Феб невольно отвел взгляд в сторону.
– Зато, ты теперь точно знаешь, что ждет твою ненаглядную в случае нашего фиаско. Надеюсь, это будет тебе дополнительным стимулом, чтоб не струсить в последний момент. – Певец Парижа устремился вниз по склону. – Идем! Нам надо пересечь Путь Самоубийц до того, как появится следующий караван.
Полицейского словно холодной водой окатило, когда он осознал, что и в самом деле Джульетта сама лишила себя жизни. Его воображение принялось рисовать в голове ужасающие картины, где его возлюбленная в грязном порванном платье, ломая ногти и стирая руки в кровь, толкает огромный каменный шар по просторам Ада, а кнут надсмотрщика хлещет по ее нежным белым плечам, рассекая плоть до костей. Холодный пот выступил на лбу Шатопера, и тошнота подступила к его горлу.
– Ты еще долго будешь наслаждаться местными пейзажами или все же отправимся в путь? – крикнул поэт с подножия холма и полицейский, очнувшись от мрачных мыслей, устремился вниз за ним.
Они не успели даже приблизиться к тропе, когда землю под их ногами тряхнуло сильнее прежнего. Феб упал на колени и увидел, как из леса показались люди, обвязанные канатами и тащившими за собой что-то невероятно больших размеров. И в тот самый момент, когда из чащи, с оглушающим хрустом ломающихся деревьев, показался скелет, а с ним вместе и нос корабля, Гренгуар резко подхватил Шатопера подмышки и отволок в сторону, укрывшись внутри полого ствола дерева.

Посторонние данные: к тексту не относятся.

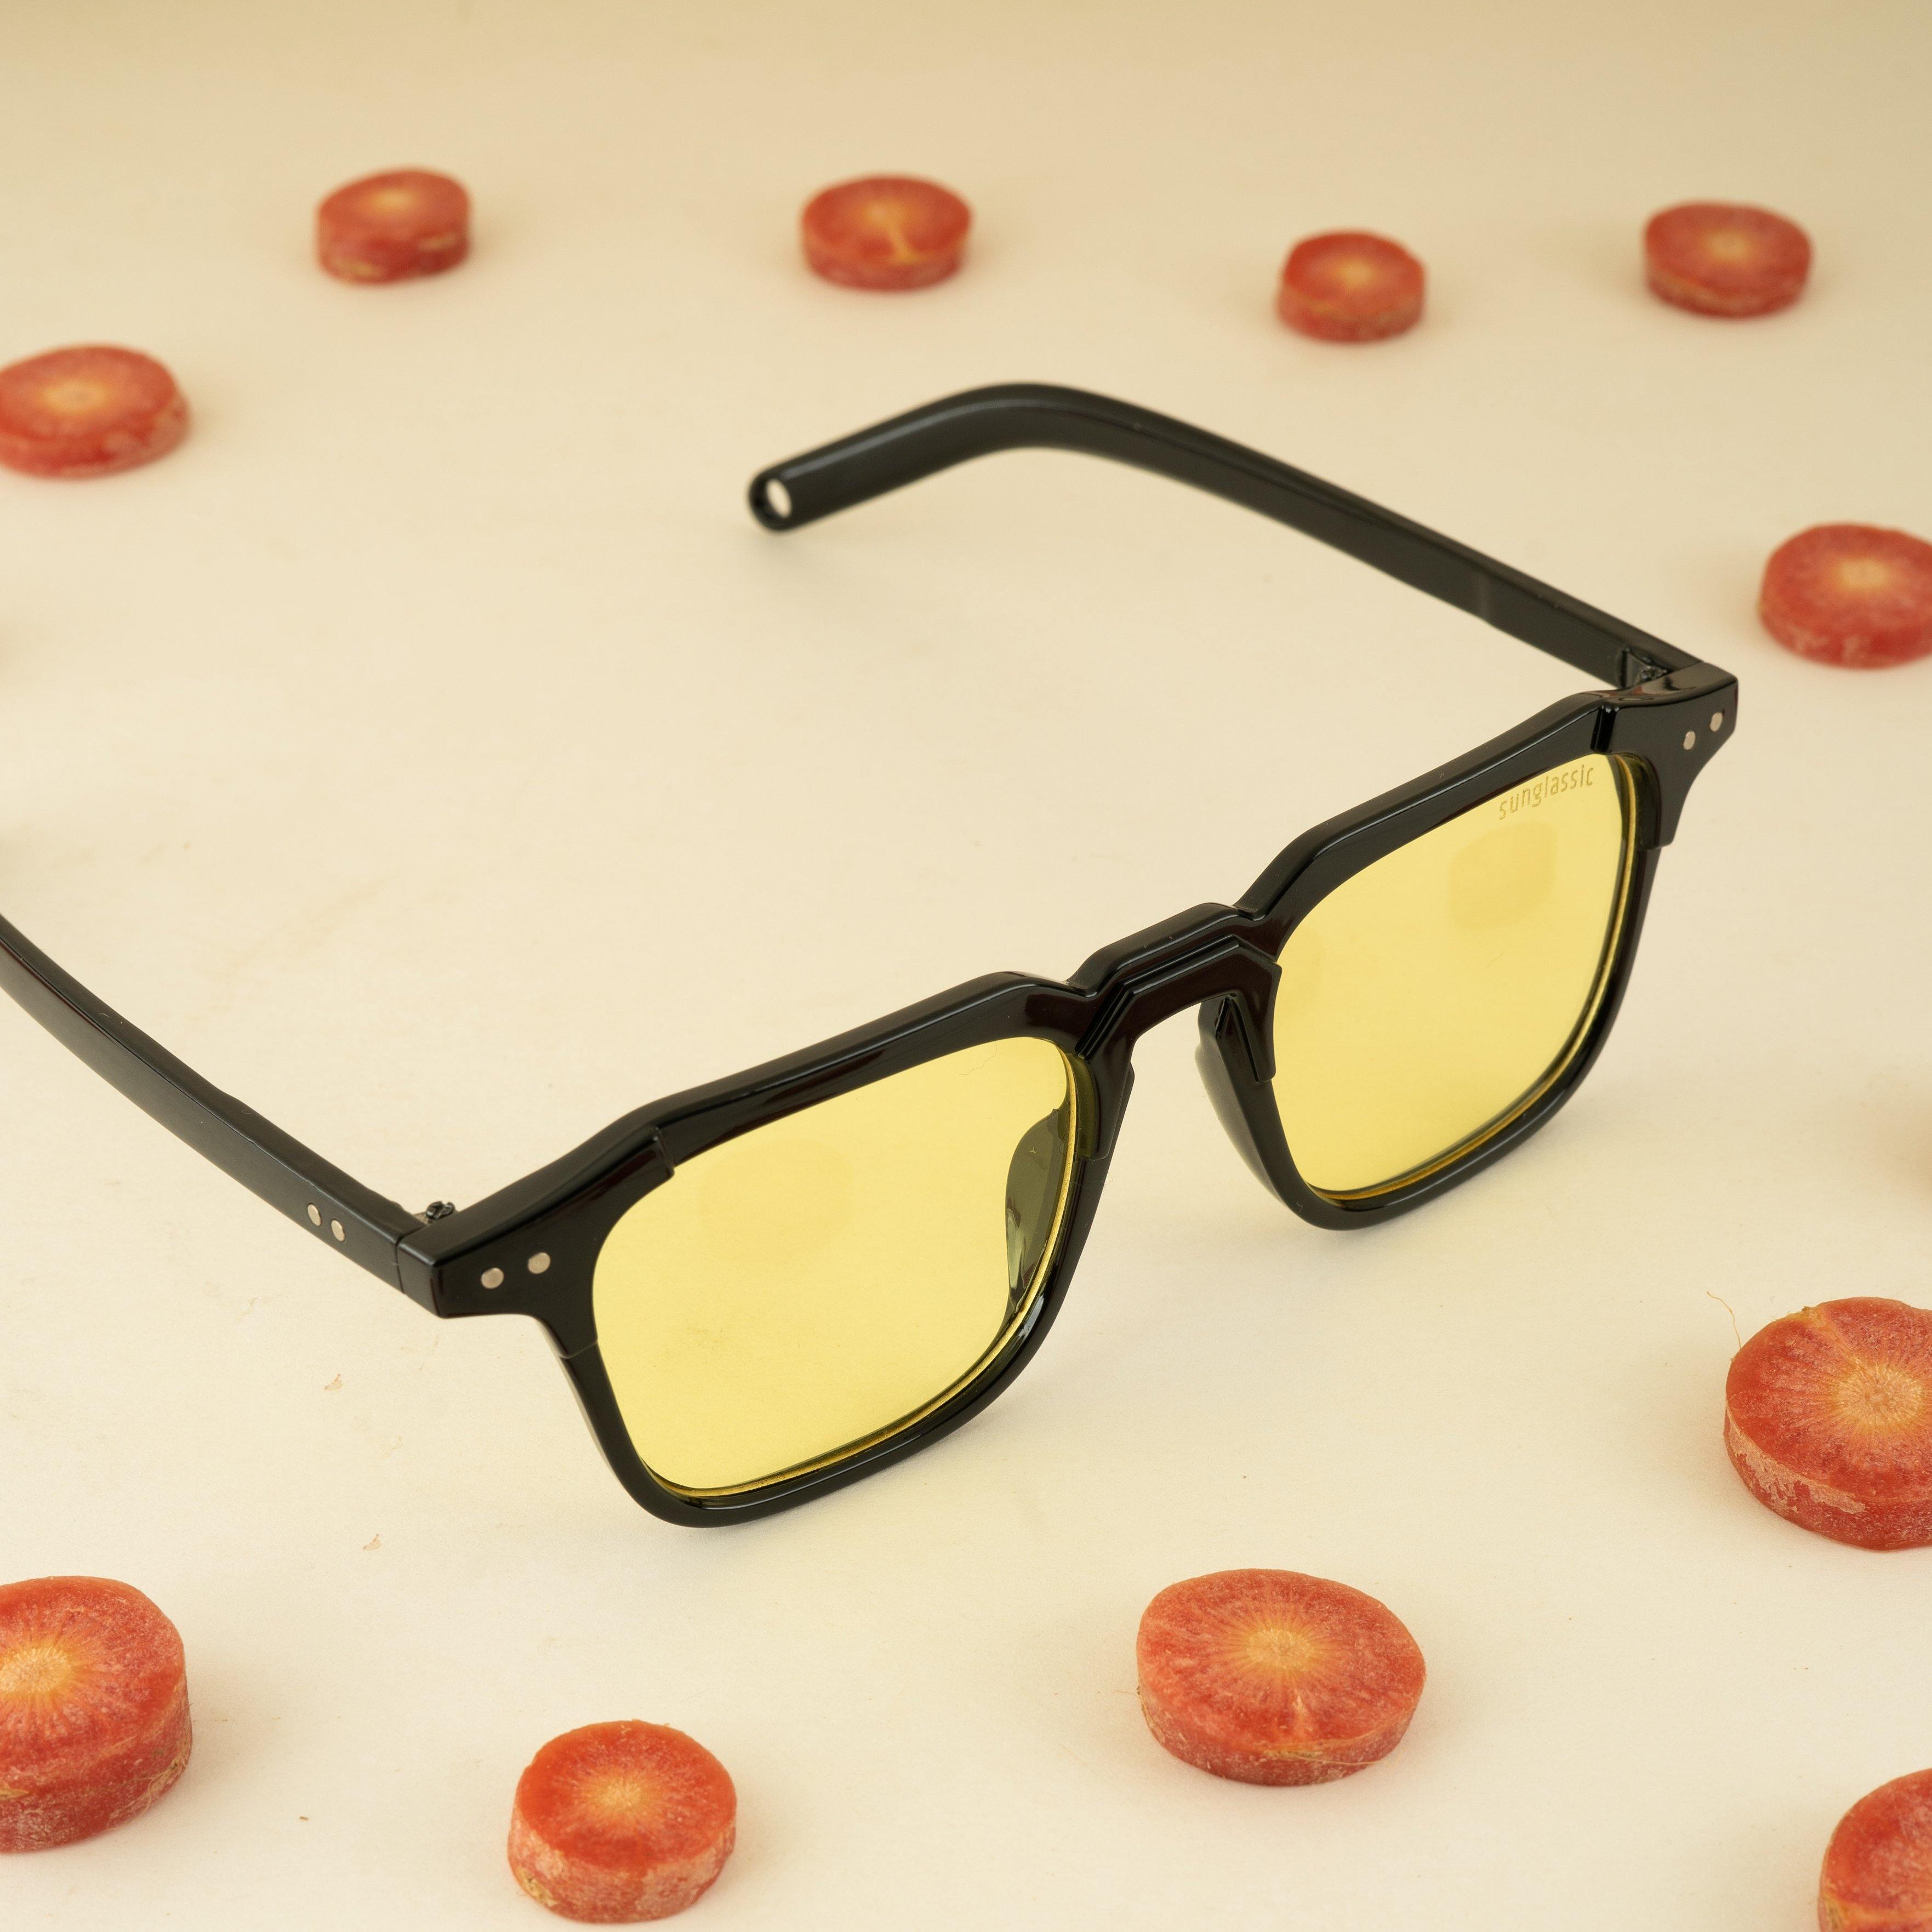 Kingsman Black Yellow Square Sunglasses
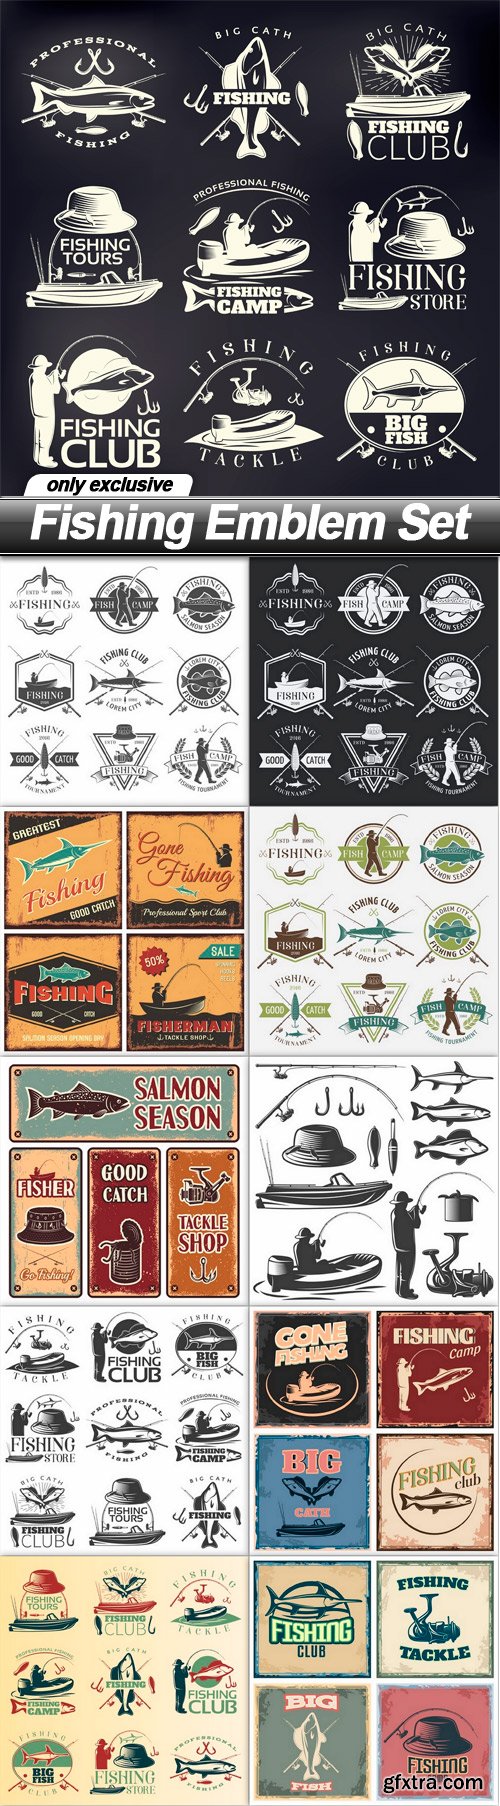 Fishing Emblem Set - 11 EPS

– Да что ж людям так жизнь не мила? Развелось суицидников, к туннелям не пробраться. – Гренгуар осторожно выглянул из дерева. Феб тоже вскочил на ноги и устремил свой взгляд на новый караван.
По Пути Самоубийц растянулась целая процессия грешников толпой тащивших огромный английский бриг через долину. Погонщики в тельняшках и пиратских треуголках погоняли самоубийц кнутами прямо с корабля.
– Господь милосердный, это просто безумие! – полицейский с открытым ртом смотрел на гигантскую толпу, которая из последних сил делала рывки вперед, по миллиметру продвигая морского гиганта в сторону гор.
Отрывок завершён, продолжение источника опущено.